(DATA TO USE Opens)

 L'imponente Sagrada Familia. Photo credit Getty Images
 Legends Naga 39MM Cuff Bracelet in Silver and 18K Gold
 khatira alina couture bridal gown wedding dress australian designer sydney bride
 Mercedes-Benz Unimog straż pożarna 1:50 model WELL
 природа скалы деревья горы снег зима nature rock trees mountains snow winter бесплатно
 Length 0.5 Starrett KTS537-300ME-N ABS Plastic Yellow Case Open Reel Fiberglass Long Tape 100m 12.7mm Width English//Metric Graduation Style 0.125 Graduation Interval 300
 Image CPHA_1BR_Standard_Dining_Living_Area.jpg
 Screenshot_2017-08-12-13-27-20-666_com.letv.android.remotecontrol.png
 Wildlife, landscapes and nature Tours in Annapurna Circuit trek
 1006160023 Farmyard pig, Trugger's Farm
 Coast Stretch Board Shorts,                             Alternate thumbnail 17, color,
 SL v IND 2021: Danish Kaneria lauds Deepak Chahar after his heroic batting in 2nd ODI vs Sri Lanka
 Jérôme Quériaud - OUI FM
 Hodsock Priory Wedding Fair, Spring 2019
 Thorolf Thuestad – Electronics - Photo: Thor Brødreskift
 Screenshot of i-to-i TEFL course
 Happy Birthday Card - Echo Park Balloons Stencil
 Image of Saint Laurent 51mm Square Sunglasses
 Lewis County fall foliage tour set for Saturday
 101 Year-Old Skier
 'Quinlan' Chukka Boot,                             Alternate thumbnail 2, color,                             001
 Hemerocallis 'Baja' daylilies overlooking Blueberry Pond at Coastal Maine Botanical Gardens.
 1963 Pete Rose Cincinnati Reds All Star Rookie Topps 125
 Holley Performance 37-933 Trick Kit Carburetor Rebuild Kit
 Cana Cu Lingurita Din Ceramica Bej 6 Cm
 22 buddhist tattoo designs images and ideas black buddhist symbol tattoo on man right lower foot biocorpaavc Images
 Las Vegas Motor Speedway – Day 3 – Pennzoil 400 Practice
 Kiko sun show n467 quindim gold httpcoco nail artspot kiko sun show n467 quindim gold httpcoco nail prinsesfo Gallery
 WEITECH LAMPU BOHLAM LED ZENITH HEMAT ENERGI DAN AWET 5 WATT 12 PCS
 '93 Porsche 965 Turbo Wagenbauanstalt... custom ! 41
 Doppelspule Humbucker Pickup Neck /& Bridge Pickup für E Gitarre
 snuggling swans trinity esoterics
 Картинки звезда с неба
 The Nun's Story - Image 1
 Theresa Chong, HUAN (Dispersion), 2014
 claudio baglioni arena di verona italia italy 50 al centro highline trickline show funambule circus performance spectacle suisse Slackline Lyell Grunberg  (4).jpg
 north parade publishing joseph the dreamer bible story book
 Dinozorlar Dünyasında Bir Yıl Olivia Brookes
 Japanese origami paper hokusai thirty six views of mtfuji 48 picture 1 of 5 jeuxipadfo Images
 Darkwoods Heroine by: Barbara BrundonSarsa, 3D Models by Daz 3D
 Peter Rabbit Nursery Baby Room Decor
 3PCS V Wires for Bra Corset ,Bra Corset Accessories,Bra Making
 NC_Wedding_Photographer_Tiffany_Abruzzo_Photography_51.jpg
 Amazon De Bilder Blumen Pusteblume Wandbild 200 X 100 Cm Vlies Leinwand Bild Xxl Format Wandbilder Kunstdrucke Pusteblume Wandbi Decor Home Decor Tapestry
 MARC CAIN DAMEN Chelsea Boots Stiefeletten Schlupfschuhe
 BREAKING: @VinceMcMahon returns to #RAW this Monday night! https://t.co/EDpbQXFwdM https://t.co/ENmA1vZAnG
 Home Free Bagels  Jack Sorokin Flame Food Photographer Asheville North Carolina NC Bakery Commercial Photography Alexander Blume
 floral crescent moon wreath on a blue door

(DATA TO USE Closes)

▸ **REQUIRED WORK**
What are the lines above, starting at the one with "Coast Stretch Board" and ending at the one with "Theresa Chong, HUAN (Dispersion), 2014"? Give them again exactly, and only them.

▸ **YOUR RESPONSE**
 Coast Stretch Board Shorts,                             Alternate thumbnail 17, color,
 SL v IND 2021: Danish Kaneria lauds Deepak Chahar after his heroic batting in 2nd ODI vs Sri Lanka
 Jérôme Quériaud - OUI FM
 Hodsock Priory Wedding Fair, Spring 2019
 Thorolf Thuestad – Electronics - Photo: Thor Brødreskift
 Screenshot of i-to-i TEFL course
 Happy Birthday Card - Echo Park Balloons Stencil
 Image of Saint Laurent 51mm Square Sunglasses
 Lewis County fall foliage tour set for Saturday
 101 Year-Old Skier
 'Quinlan' Chukka Boot,                             Alternate thumbnail 2, color,                             001
 Hemerocallis 'Baja' daylilies overlooking Blueberry Pond at Coastal Maine Botanical Gardens.
 1963 Pete Rose Cincinnati Reds All Star Rookie Topps 125
 Holley Performance 37-933 Trick Kit Carburetor Rebuild Kit
 Cana Cu Lingurita Din Ceramica Bej 6 Cm
 22 buddhist tattoo designs images and ideas black buddhist symbol tattoo on man right lower foot biocorpaavc Images
 Las Vegas Motor Speedway – Day 3 – Pennzoil 400 Practice
 Kiko sun show n467 quindim gold httpcoco nail artspot kiko sun show n467 quindim gold httpcoco nail prinsesfo Gallery
 WEITECH LAMPU BOHLAM LED ZENITH HEMAT ENERGI DAN AWET 5 WATT 12 PCS
 '93 Porsche 965 Turbo Wagenbauanstalt... custom ! 41
 Doppelspule Humbucker Pickup Neck /& Bridge Pickup für E Gitarre
 snuggling swans trinity esoterics
 Картинки звезда с неба
 The Nun's Story - Image 1
 Theresa Chong, HUAN (Dispersion), 2014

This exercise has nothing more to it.